On August 21, 2002, Langley executed a durable power of attorney, appointing her sister, Linda S. Rose (“Rose”), as her attorney-in-fact. In pertinent part, the power of attorney provided:
“I BRENDA GAIL LANGLEY ... do hereby appoint and constitute LINDA SUE ROSE, my true and lawful attorney for me and in my name and on my behalf:
... to transact all insurance business on my behalf, to apply for or continue policies, collect profits, file claims, make demands, enter into compromise and settlement agreements, file suit or actions or take any other action necessary or proper in this regard;....
Giving and granting unto the said LINDA SUE ROSE, my said attorney, full power and authority to do, execute and perform all and every other act and thing whatsoever, without any limitationwhatever and without being confined to the specific acts hereinabove set out, requisite or necessary to be done in and about the premises as fully and to all intents and purposes as I might or could do and I hereby ratify and confirm all that LINDA SUE ROSE, my said attorney, shall lawfully do or cause to be done by virtue of these presents, and for me and in my name and on my behalf. This power of attorney shall not be affected by any subsequent disability or incapacity of mine if such should occur. It is my express intent that the authority herein conferred upon my said attorney shall be exercisable in all events notwithstanding my subsequent disability or incapacity.”
On October 28, 2002, Rose, purportedly acting as Langley’s attorney-in-fact, signed a “Customer Service Request” revoking Langley’s original designation of beneficiaries (Langley’s three children and grandchild) and naming Rose as sole beneficiary. Rose signed the document as “Brenda G. Langley, P.O.A. Linda Rose.” The form also was signed by Langley’s insurance agent and was submitted to the insurance company.
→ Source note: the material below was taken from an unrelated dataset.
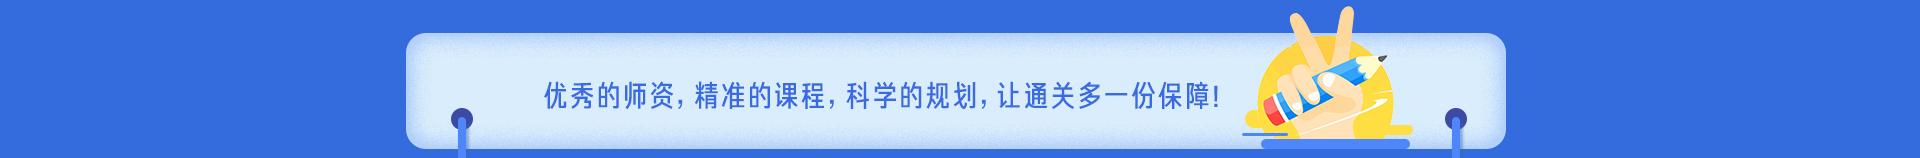 专题页面:VIP协议班1920x_03.jpg
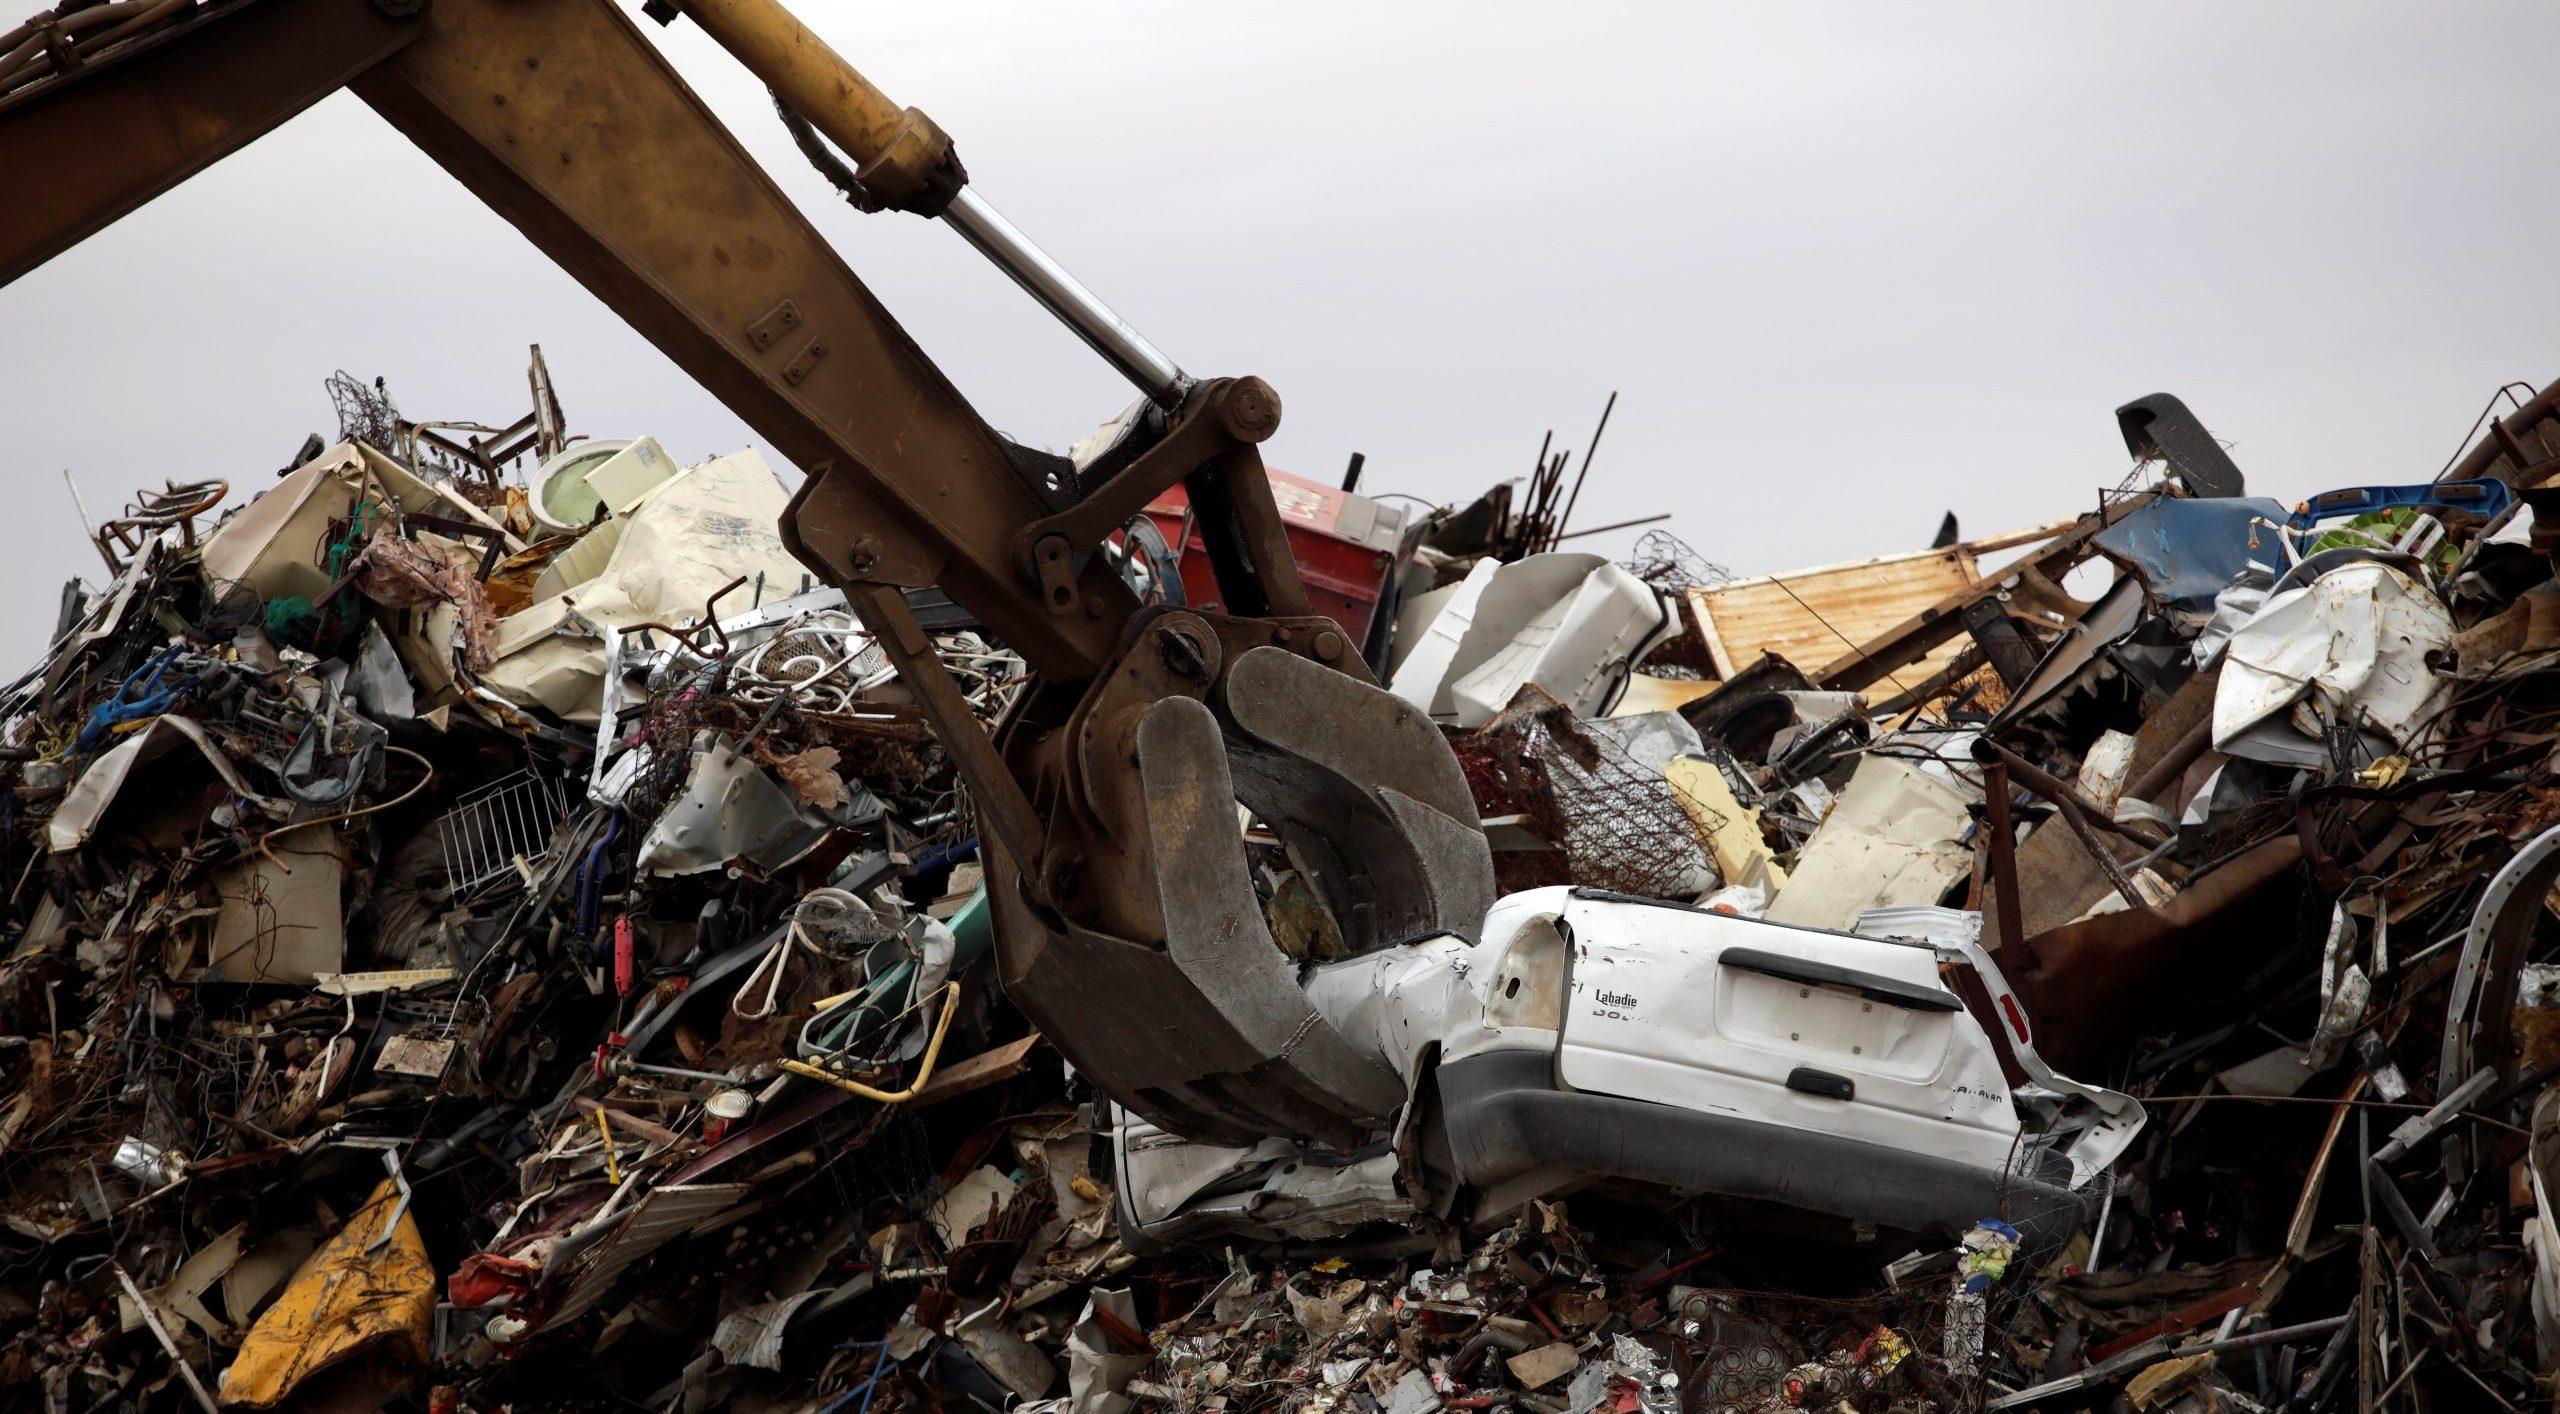 La industria automotriz pide un plan de chatarrización (como el de Felipe Calderón) para 'revivir'

Langley died on March 29, 2003. Five days later, Rose filed a claim for the proceeds of the policy. In July and early August 2003, the deceased’s three children and grandchild filed separate claims for the policy proceeds.
Due to the competing claims for the life insurance proceeds, Tennessee Farmers filed this interpleader action pursuant to Tennessee Rule of Civil Procedure 22.01. 1 Tennessee Farmer’s complaint named Rose and the four original beneficiaries as defendants. The respective defendants filed answers to the complaint. The original beneficiaries subsequently filed a motion for summary judgment in which they asserted that Rose did not have the authority under the power of attorney to change the beneficiary designation on the policy. Rose responded to the motion, asserting that the power of attorney granted her the power to “transact all insurance business” and “to perform all and every other act and thing whatsoever, without any limitation.... ” Based upon that language in the power of attorney, Rose argued that she was authorized to change the beneficiary designation to herself.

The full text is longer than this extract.